# Decided To Go Turbo



## pkrSE-R (Jul 26, 2002)

Ok, after waiting over a month for my HS Header to come i cancelled the order; how this lead to my decision to go turbo, i couldnt tell you. but i have decided that i don't really want to do a DET swap, but i do wanna stay with a T25 or T28. so i was thinkin of getting most of the parts from a GTI-R setup and going with a small front mount instead of the stock top mount. i was wondering how easy it would be to get these parts or if it would be easier for me to get a pre-made kit from F-Max or something?
what do you guys think and please give me some suggestions.


----------



## Zexel (May 15, 2002)

Make your own from GTi-R components. That F-Max kit will make more power, although it will probably be 3-4 times more expensive. That's just my opinion, and since you want to stick with T25 or T28, F-Max will not be the way to go. Considering their kit comes with a T3/T04 to match their setup. But that's just my opinion.

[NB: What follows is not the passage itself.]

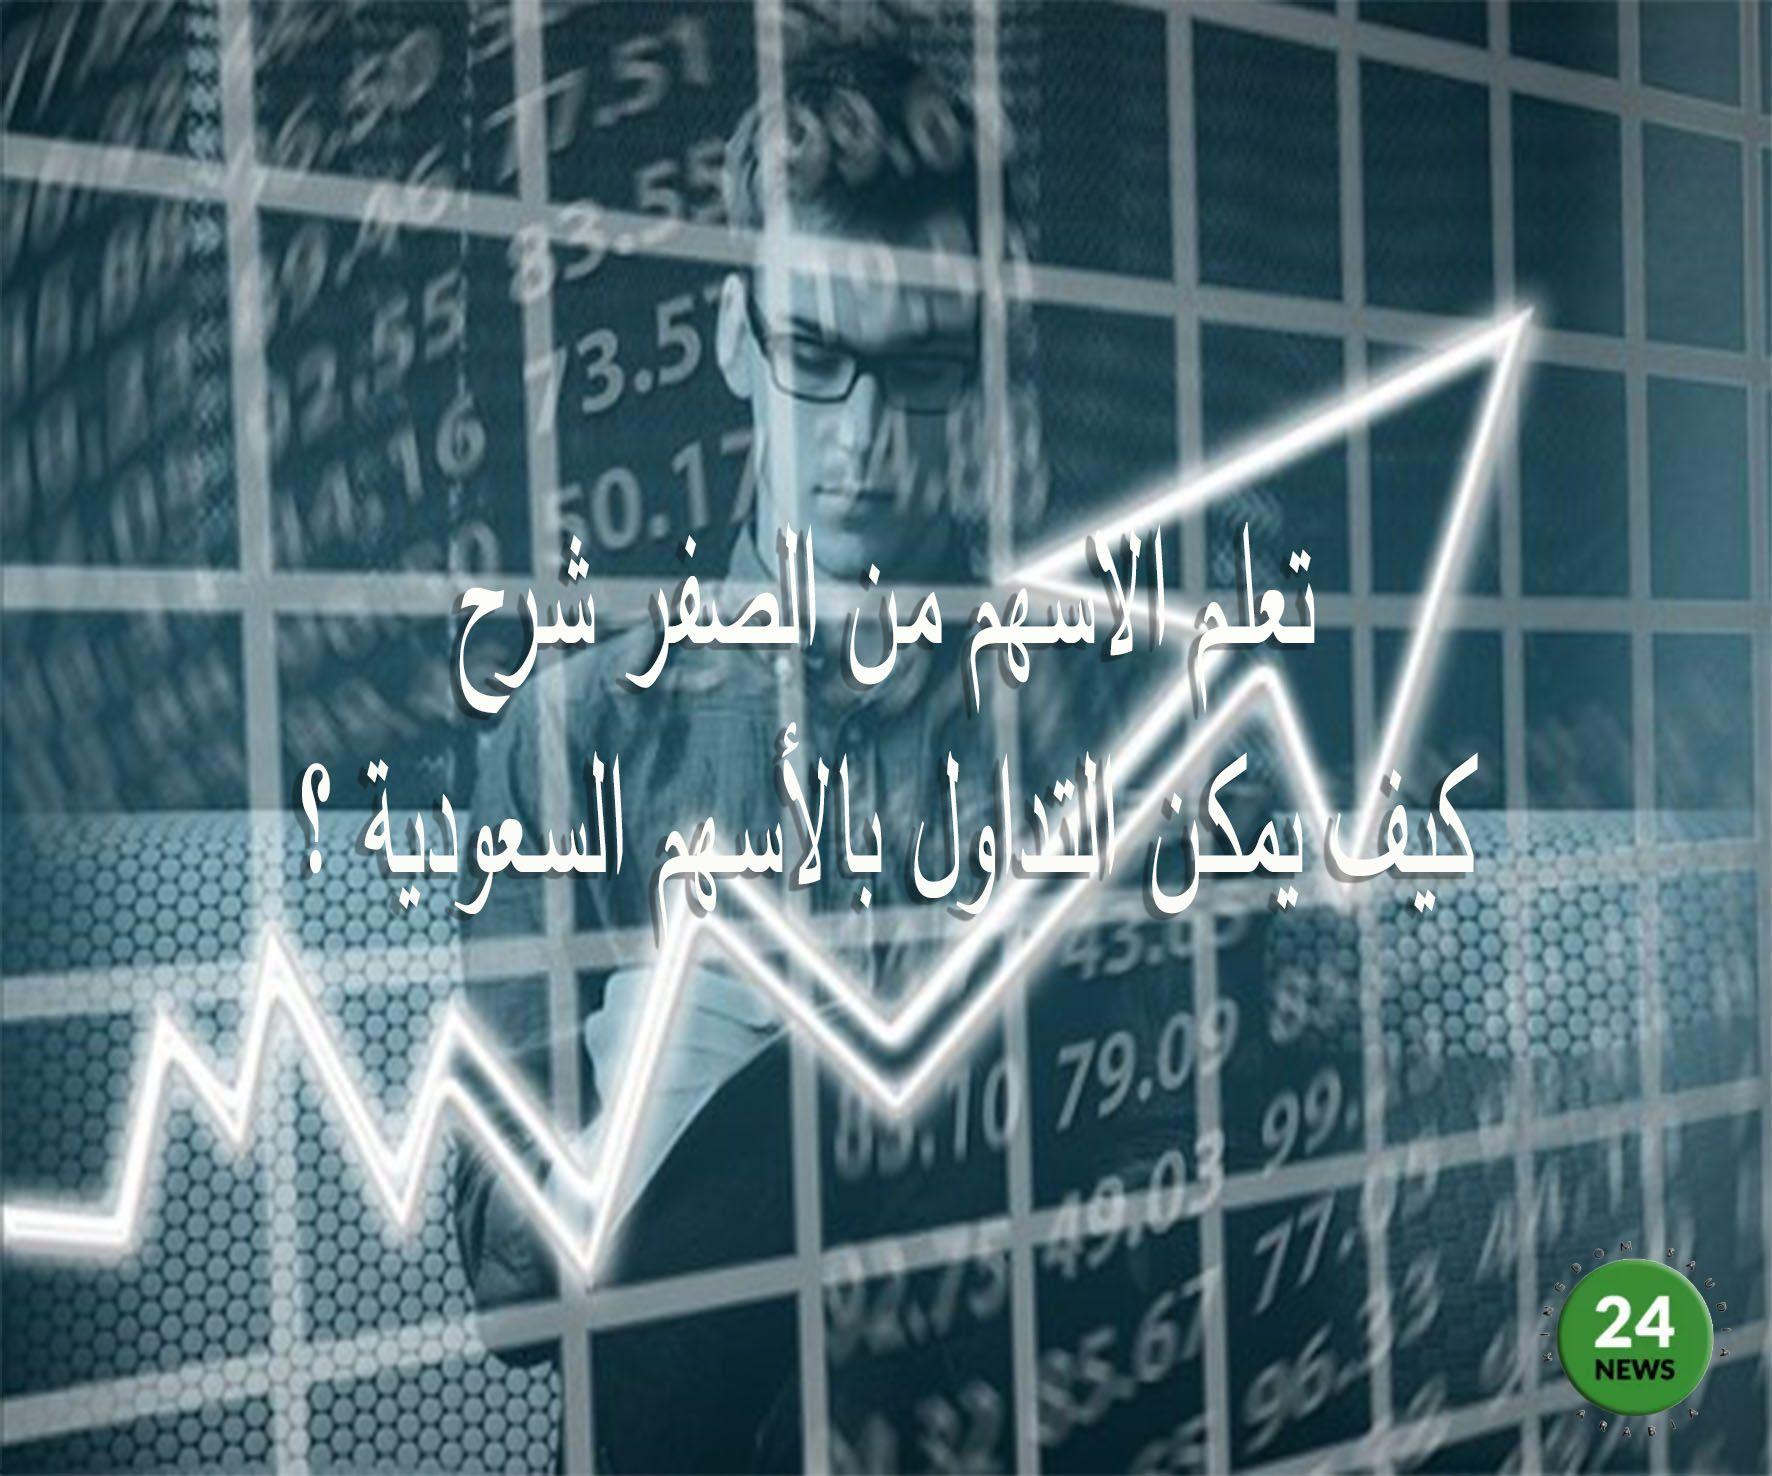 تعلم الاسهم من الصفر شرح كيف يمكن التداول بالأسهم السعودية Neon Signs Blog Posts Trading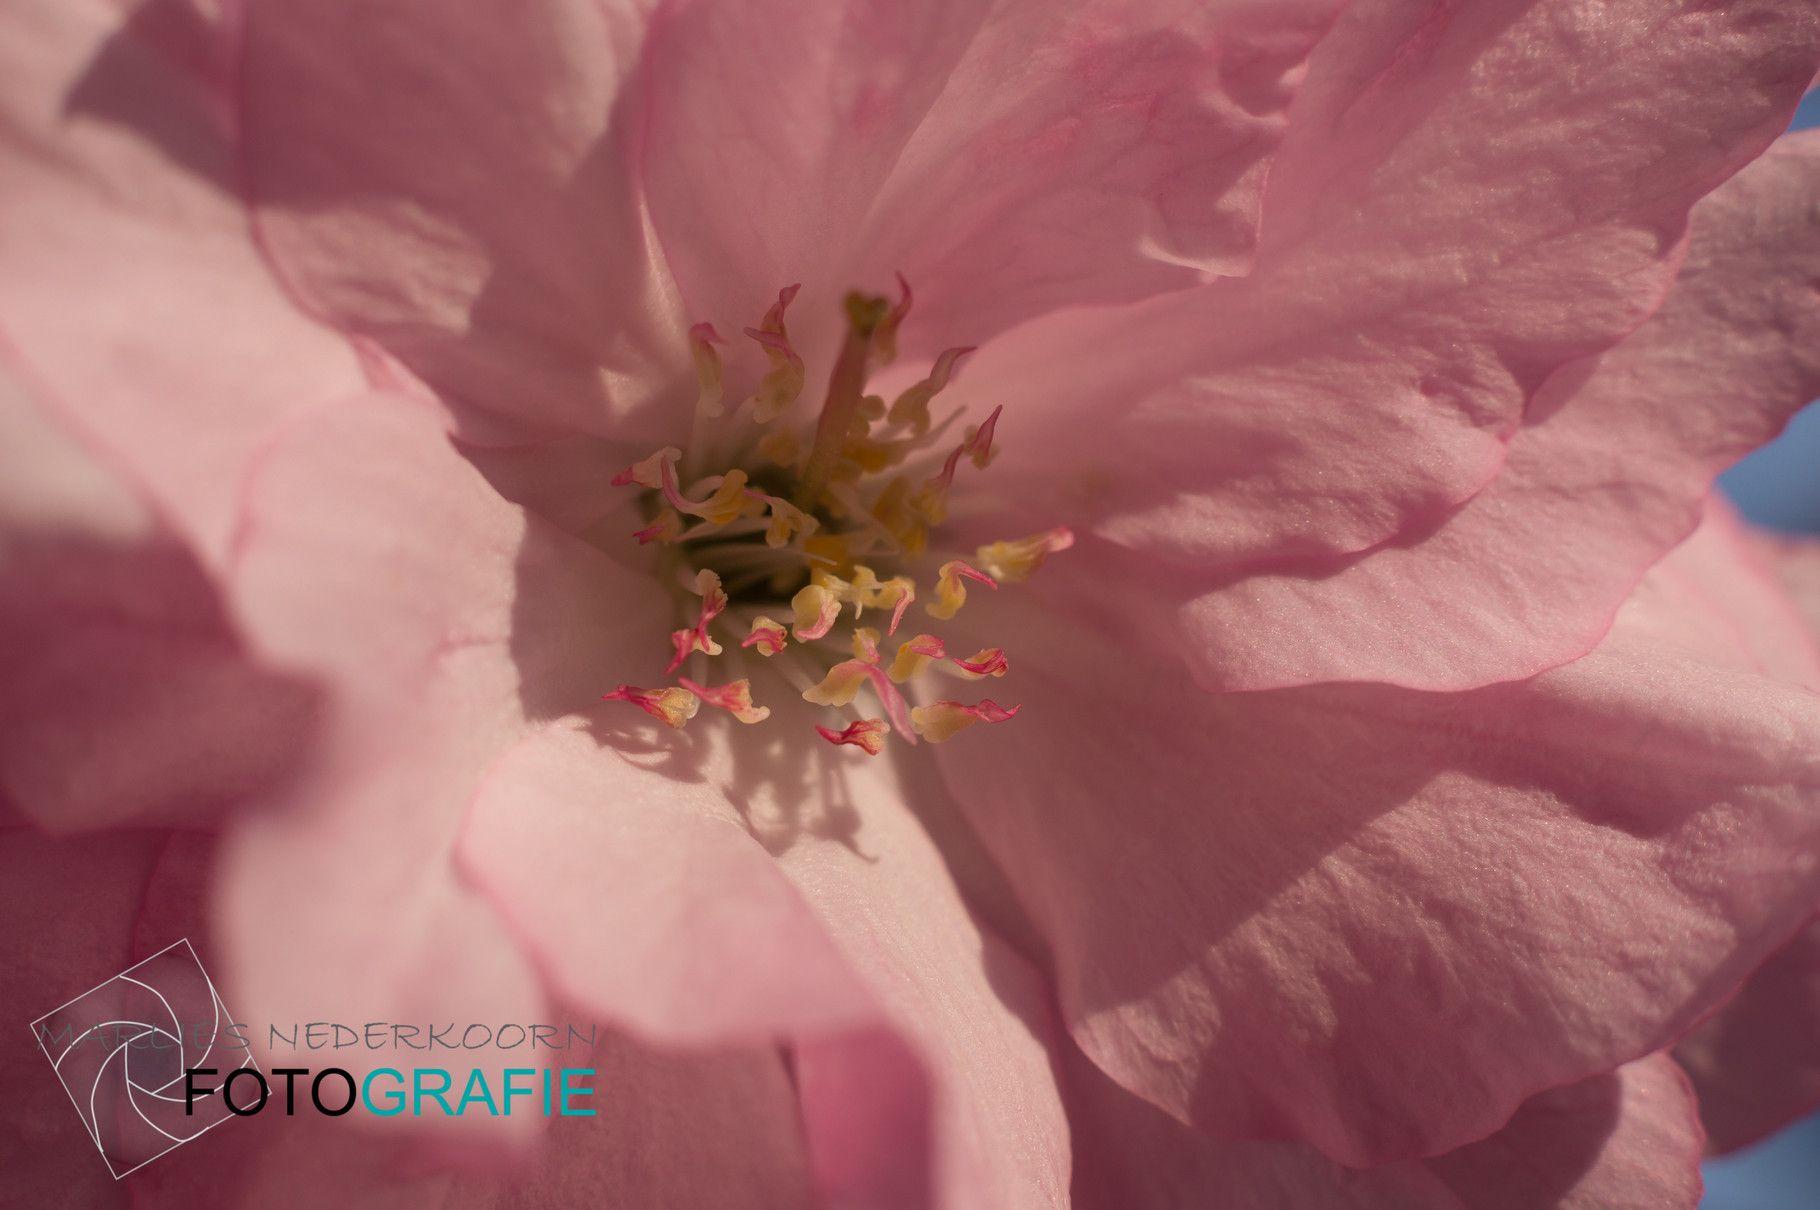 Bloemen en dieren - De website van Marlies Nederkoorn!

I said you go with a T25 or T28 because you'll still make plenty of power without emptying your bank account...TOO much anyways  .


----------



## TheVodKA (Sep 19, 2002)

JGY has a pretty good deal on a complete t25 BB kit, including FMIC & JWT ECU for 2300. For T28, sr20performance has a t28 kit off the GTIR, and you could buy the rest of the stuff yourself.

www.jgycustoms.com
www.sr20performance.com


----------